Desvio, superfaturamento, verba pública, luxo. Confederação Brasileira de Futebol, João Havelange, José Maria Marin, Ricardo Teixeira. Todas essas palavras da primeira frase, em alguma vez na história da imprensa brasileira, já foram relacionadas com a segunda. Sempre com razão.

Neste ano de 2015, onde os escândalos de corrupção na FIFA foram finalmente investigados a ponto de levar boa parte do alto escalão da entidade para a prisão, os nomes dos ex-presidentes da CBF novamente estão escritos em nuvens que pairam sob o céu carregado da propina. Tempo nublado que prevê chuva de dólares.

‘Eu vejo o futuro repetir o passado’

Em abril de 2013, o jornal “Folha de S. Paulo” divulgou dados da compra do imóvel da nova sede da CBF, localizada na Barra da Tijuca, bairro rico da Zona Oeste do Rio de Janeiro. O local — cuja compra foi anunciada em junho de 2012 e confirmada em agosto — , custou R$ 70 milhões de reais, conforme anunciou na época o então presidente José Maria Marin. O edifício, aliás, levava seu nome na fachada até mês passado.

O prédio tem oito salas comerciais e pouco mais de 6 mil metros quadrados. A BT Construtora, empreiteira responsável pela obra, negociou cinco dessas salas para intermediários por R$ 12 milhões e repassou R$ 43 milhões À CBF. As outras três salas custaram R$ 8 milhões à Aprazível Empreendimentos; a empresa vendeu os cômodos para CBF por R$ 15 milhões .

Isso quer dizer que se a CBF não tivesse usado intermediários, teria gastado R$ 39 milhões para adquirir sua nova sede; com eles, subiu para R$ 70 milhões. Tanto a CBF quanto as empresas envolvidas no negócio afirmaram que não houve irregularidades durante a compra.
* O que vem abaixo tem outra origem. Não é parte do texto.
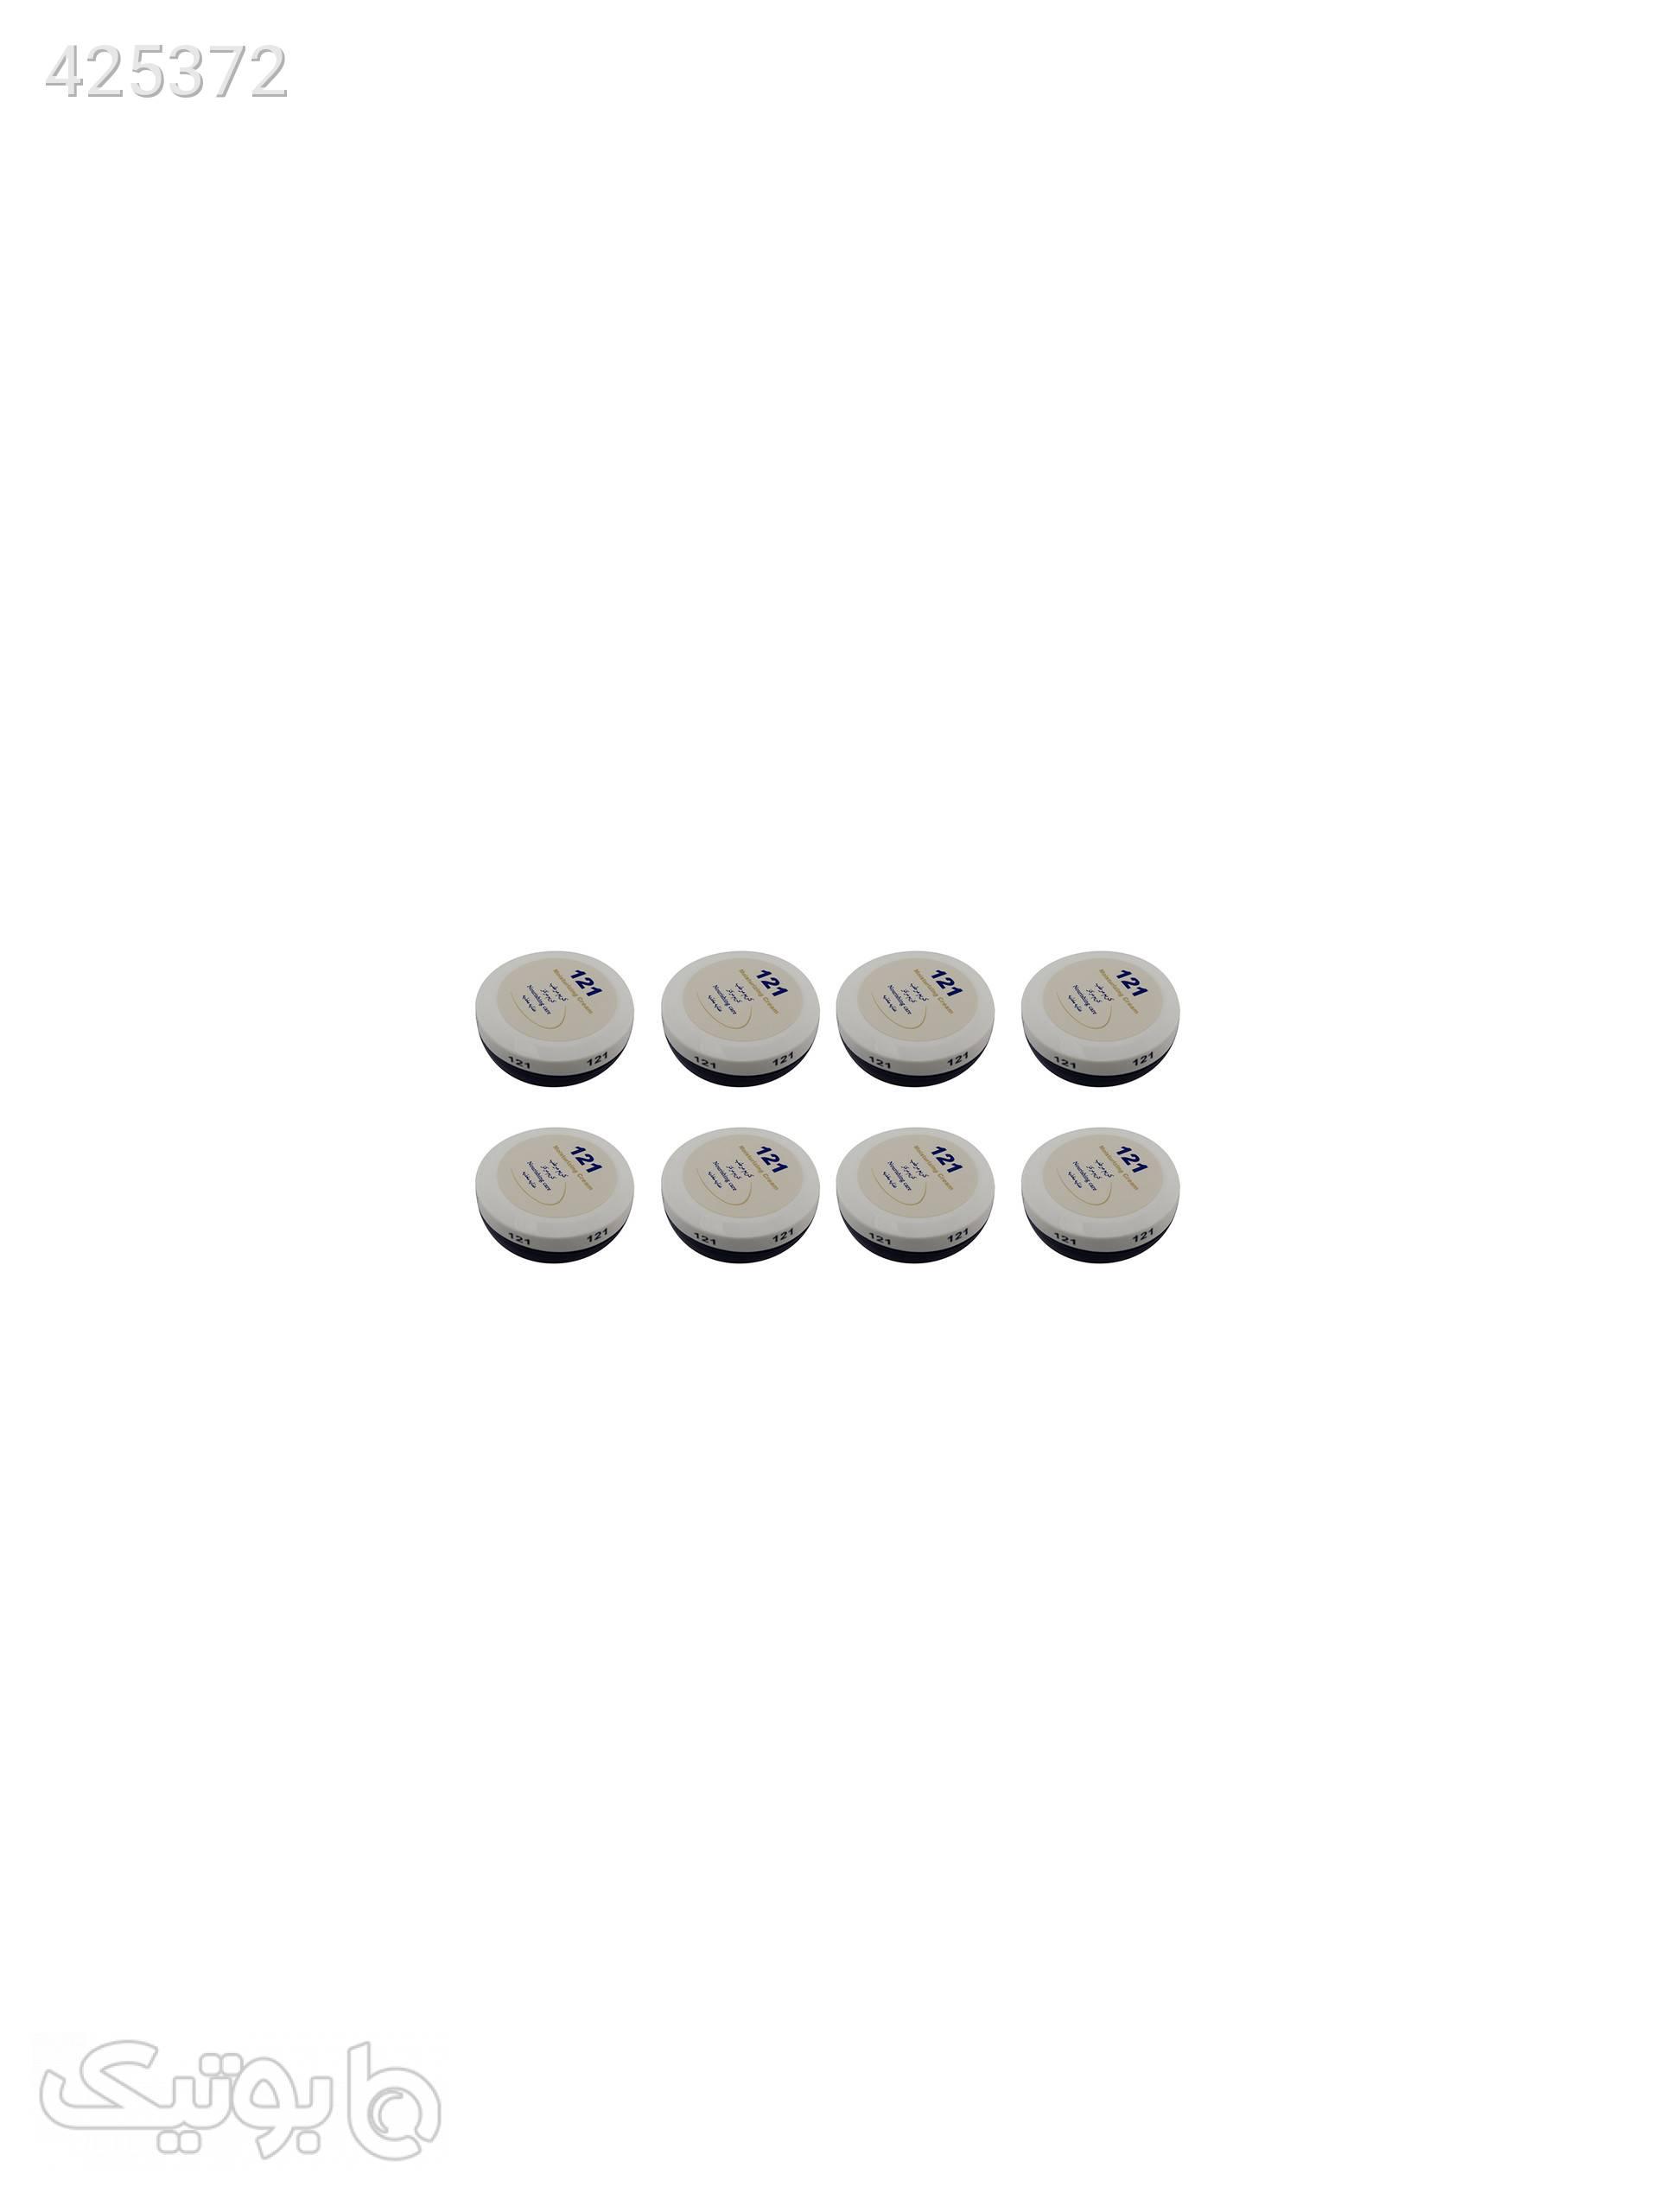 کرم مرطوب کننده 121 مدل A401 حجم 150 ml مجموعه 8 عددی سفید بهداشت و مراقبت پوست

Isto não é de hoje, como nos mostra um trecho da matéria da Revista Placar abaixo, datada de 03 de abril de 1970.

“Está tudo confuso. Não sei de mais nada.” (Tesoureiro da CBD)

‘O nôvo e elegante prédio da CBD na Rua da Alfândega, 70, no Rio de Janeiro (“Edifíco João Havelange”), foi reformado e decorado com uma parte do dinheiro arrecadado para as despesas da Seleção Brasileira na Copa. A prova dêsse desvio de verbas está na página 22 do Boletim número 2 da CBD, de novembro de 1969, itens 11 e 12, aprovados na reunião de diretoria realizada no dia 14 de outubro de 1969.

Item 11 — “Autorizar a despesa limite — da verba de até NCr$ 400 000,00 de instalação definitiva da CBD, sendo que essa despesa inicial correrá a contar das seguintes arrecadações: 1) NCr$ 50 000,00 — provenientes da assinatura do contrato com a Shell; 2) NCr$ 70 000,00 — da receita do banquete realizado no Hotel Hlória pelo Comitê Nacional Pró-Selecionado Brasileiro.”

Item 12 — “Resolver que as obras de instalação sejam realizadas pelo sistema de administração, ficando encarregada a firma Construtora Mamede Ltda., percebendo pelos seus serviços a taxa de administração até o limite de taxa de 18% e mais os encargos sociais.”

O item 11 deixou claro: inicialmente seriam gastos NCr$ 120 000,00 para a construção do edifício. Mas as despesas poderiam chegar até NCr$ 400 000,00. E o item 12 fêz uma grande revelação: a Construtora Mamede Ltda. pertece ao cunhado de João Havelange.

O fato de a CBD confessar publicamente o desvio de verba leva a crer que o sr. João Havelange deve ser uma honrado e ingênuo presidente e que a Construtora Mamede Ltda. é uma firma honesta e digna. Mas não deixa dúvida quanto a um ponto: o torcedor brasileiro foi enganado, assim como foram enganados o cantor Wilson Simonal e Pelé (responsáveis pelo anúncio da Sell pedindo ao público para ajudar a Seleção).

Era impossível prever que o dinheiro serviria para construir e decorar os modernos gabinetes dos dirigentes do nosso confuso futebol.

Tão confuso como simples é o plano para conseguir, segundo o cálculo inicial da CBD, os NCr$ 4 498 738,00 necessários para o Brasil disputar o Mundial.’